# It's Raining trout



## greasemonkey54 (May 12, 2010)

Today me and 5 friends fished the Northwest Branch for opening day of trout season. It started slow before we each found a honeyhole, then it was on for a while. In my hole i caught 10 and missed many others, only keeping deep hooked fish. It then died in a big way. We picked at them for a while more with just a few until lunch. After lunch we fished another hour with a few more caught. I finished with my 5 fish limit and 10 released and everyone else also kept thier limit. Despite the rain it was a good day, with the largest fish about 15 inches. Every fish was nicer than the 6-8inch fish i had been catching at savage mill


----------



## kevin crowley (Mar 8, 2011)

Great work!


----------



## whenican (Feb 21, 2013)

Cool! I caught a fat 15" earlier in the week at a 0 closure location & I limited out on the Patapsco yesterday. Trout are gd eating.


----------



## firemunkee (Apr 6, 2012)

Nice report! Thanks for sharing.


----------



## Sandcrab (Mar 20, 2002)

greasemonkey54 said:


> ... only keeping deep hooked fish. It then died in a big way.


Deep hooked? What were you using to catch them? 

Sandcrab


----------



## greasemonkey54 (May 12, 2010)

Most were on powerbait with a small hook. By deep i meant back near the gills, not in the lips


----------



## shelties1 (Aug 5, 2004)

nice work! So far I've gotten 4 dinks this year at my local spot.


----------



## Mr.Mahiya (Jun 18, 2013)

I was there yesterday. Fished for couple of hours, didn't see a slightest sign of any trout being there at all. Sucker fish were there. A local guy was jogging. He claims 'they didn't drop em in yet'. Trying to contact DNR now.


----------



## greasemonkey54 (May 12, 2010)

I fished it yesterday and in 4 hours my brother and i caught 1 each


----------



## MrWiskers (Feb 25, 2006)

I fished Thursday afternoon with my nephews they ending up reeling in there 5 fish each . I was to busy casting and re baiting / unhooking to fish myself bit the smiles and sounds of joy were worth the price of admission. Fished there again saterday 1-6 pm with two other youngsters neither of them had fished before. This time only 7 between them but again smiles and laughter was my prize. All fish 12-14" very nice average no small fish.


----------



## Mr.Mahiya (Jun 18, 2013)

MrWiskers said:


> I fished Thursday afternoon with my nephews they ending up reeling in there 5 fish each . I was to busy casting and re baiting / unhooking to fish myself bit the smiles and sounds of joy were worth the price of admission. Fished there again saterday 1-6 pm with two other youngsters neither of them had fished before. This time only 7 between them but again smiles and laughter was my prize. All fish 12-14" very nice average no small fish.


Mind sahring your spot?


----------



## greasemonkey54 (May 12, 2010)

I fish numerous points on the branch but spend most my time around the adelphi area


----------



## MrWiskers (Feb 25, 2006)

The northwest branch was stocked again on Monday . Tuesday trip after work with my nephews yielded 15 fish only kept 10 . Enjoyed some smoked trout from last week ( YUM ) and doing another batch Friday . All fish caught on powerbait .


----------



## Mr.Mahiya (Jun 18, 2013)

MrWiskers said:


> The northwest branch was stocked again on Monday . Tuesday trip after work with my nephews yielded 15 fish only kept 10 . Enjoyed some smoked trout from last week ( YUM ) and doing another batch Friday . All fish caught on powerbait .

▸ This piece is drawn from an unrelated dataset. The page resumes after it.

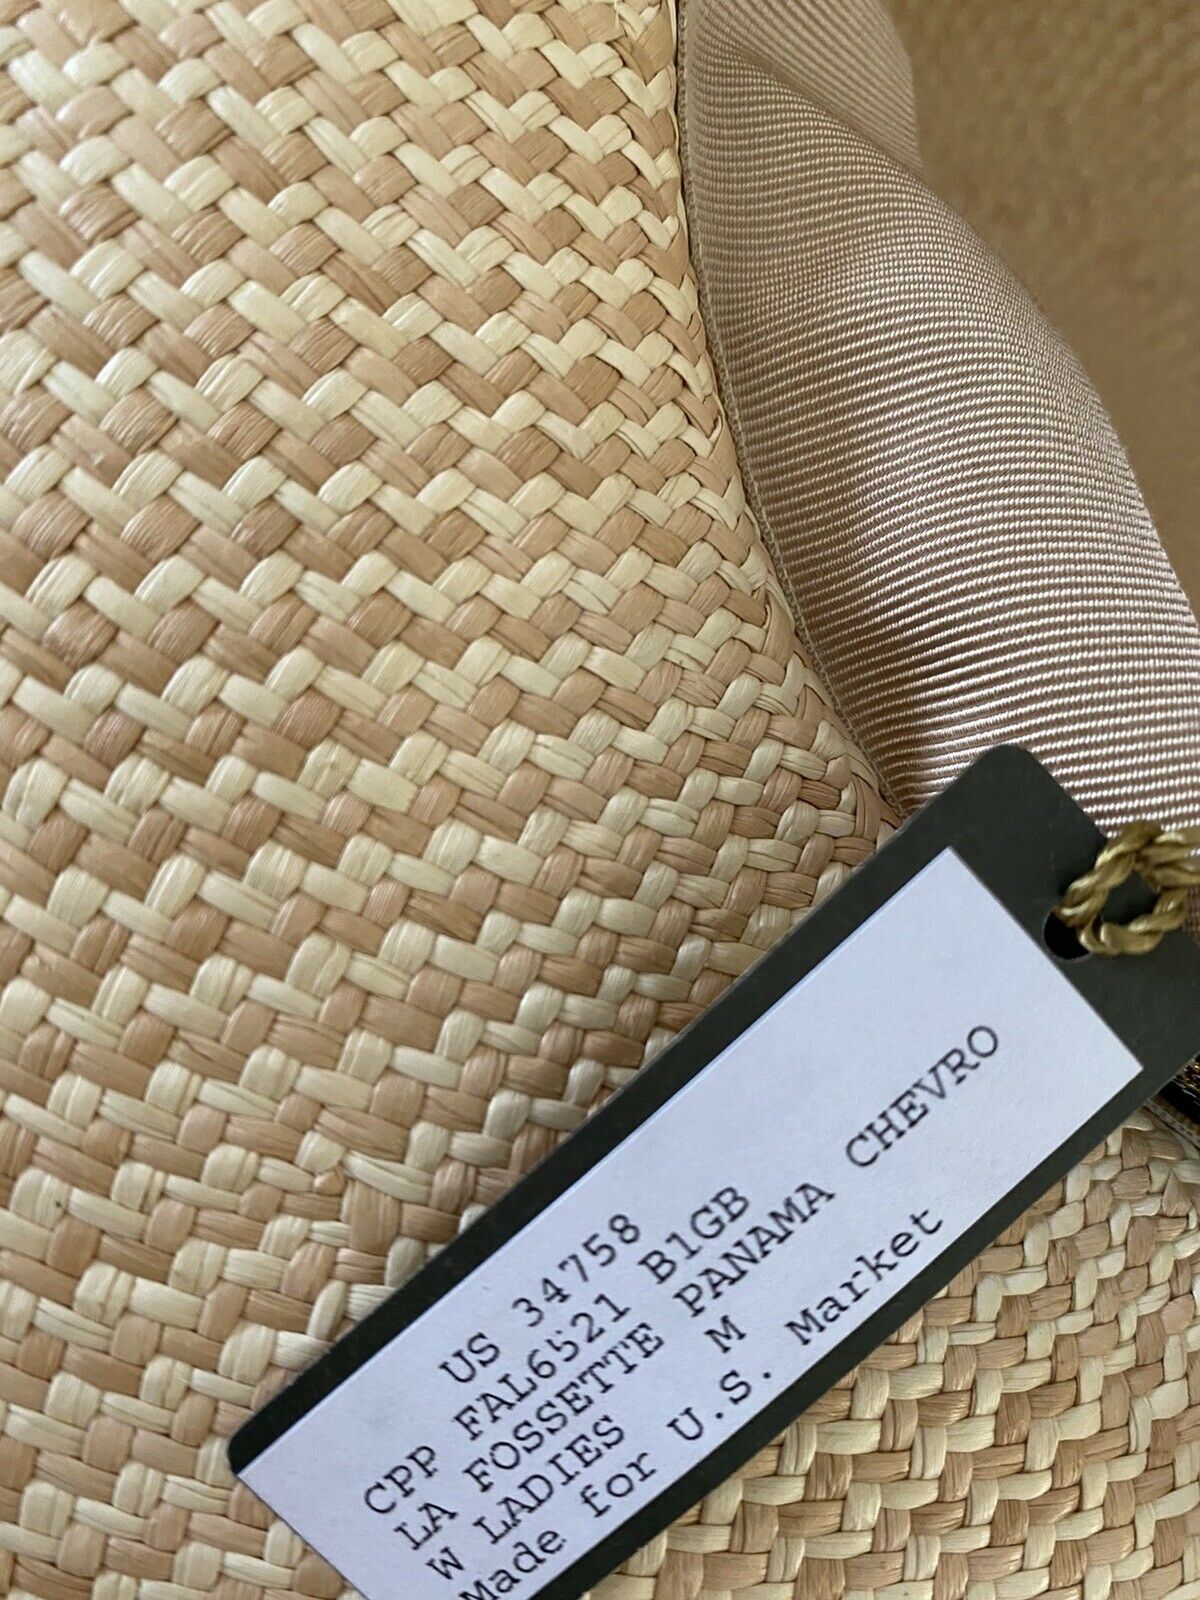 NWT $750 Loro Piana Женское La Fossette Панама Соломенная шляпа Натуральный песок M Италия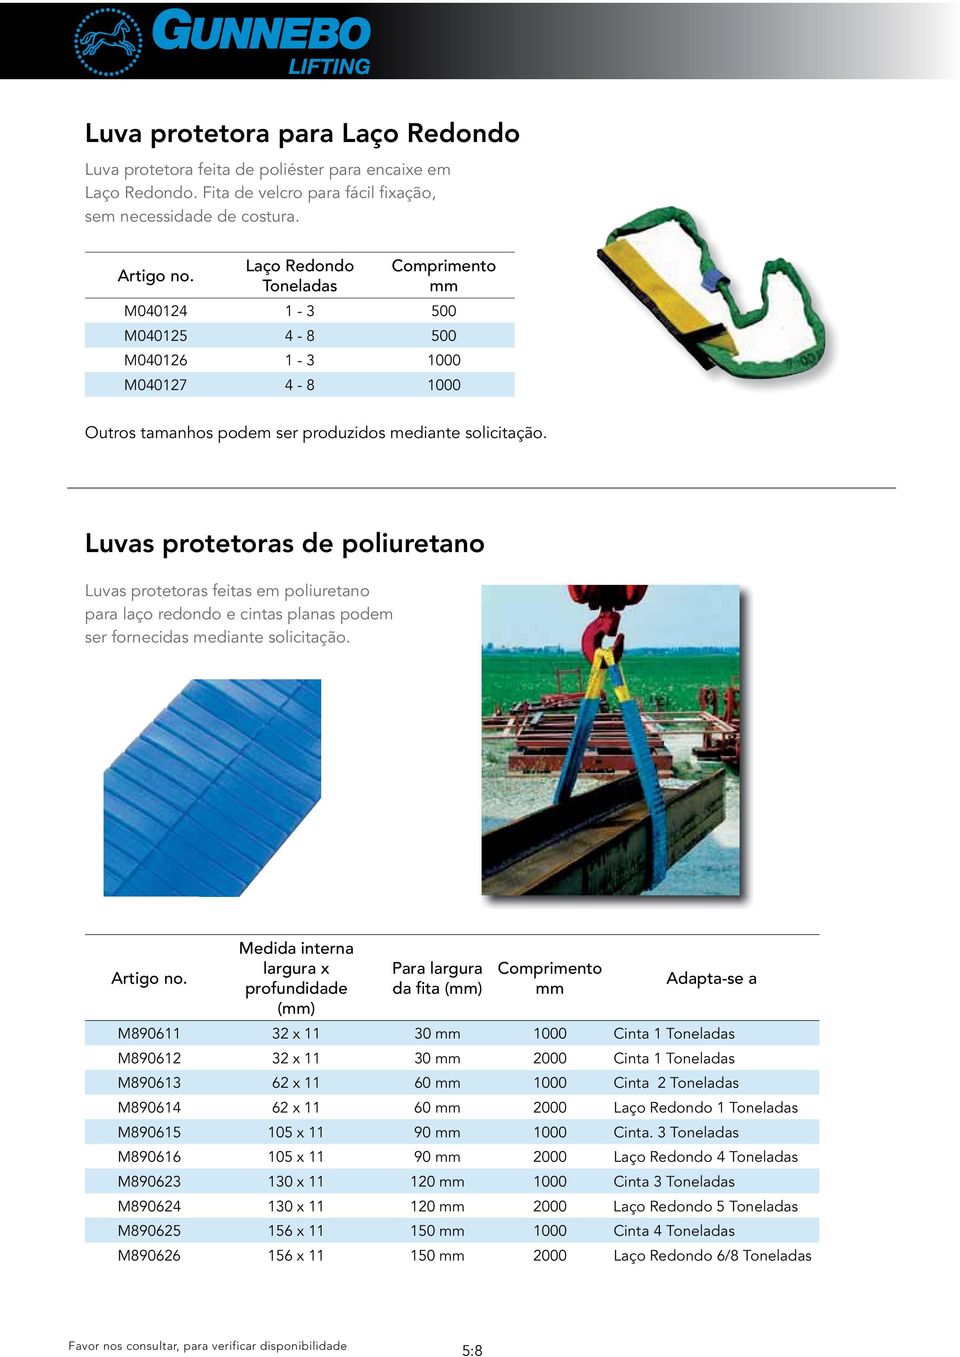 Luvas protetoras de poliuretano Luvas protetoras feitas em poliuretano para laço redondo e cintas planas podem ser fornecidas mediante solicitação.

Do you know what part of the river they stock exactly? It's a long stretch. I fished by the Brookside Gardens last Sunday. I would have had better chance fishing a swimming pool  I didn't even see minnows in that water.


----------



## MrWiskers (Feb 25, 2006)

I have only fished the lower section from the old mill on Riggs road down stream. I have caught them waaaaay down stream in years past when we had heavy rain. This year the farthest down stream I have had luck was 1/4- 1/2 mile down stream from 193 ( university blvd ) . I move around a lot , one trick is drift your bait through the pools for 10 min or so then move on down stream . Most times if there are any active fish there it dosnt take long. On the way back up stream fish the better spots again. A lot of times you will pick up new active fish that had no interest 30 minutes ago. Don't be afraid to get away from the parking lots, a lot of these fish get washed down and swim down stream. I have personally caught trout as far down as rout 1 in Hyattsville and have caught countless others Between 38th street and 410 (east west highway ) . Never have I seen another angler in this area, I am possible 100s of fish just die in June going to waste . This is one reason I always keep my legal limit. Another thing is 90 percent of the people only fish the first couple days after they put them in. It can take 3 or 4 days for some of these fish to adjust and start eating . I use all kinds of lures to catch these put and take fish as well as powerbait ,worms and minnows. A lot of times if the water is fairly clear I will start with a spinner . Almost every active fish will follow it in and give you an idea where to toss your bait. When using worms or minnows I use only a tiny hook and let them drift with no weight at all. When using powerbait I use just enough split shot 12/18" above my hook to tickle the bottom. Hope this info helps


----------



## greasemonkey54 (May 12, 2010)

Today was a great day with spinners. I caught 3 on powerbait, including a golden then switched to a spinner. I caught 6 more and had many more chase and miss the lure, also had a few jump off. A few holes had numerous fish competing for my lure


----------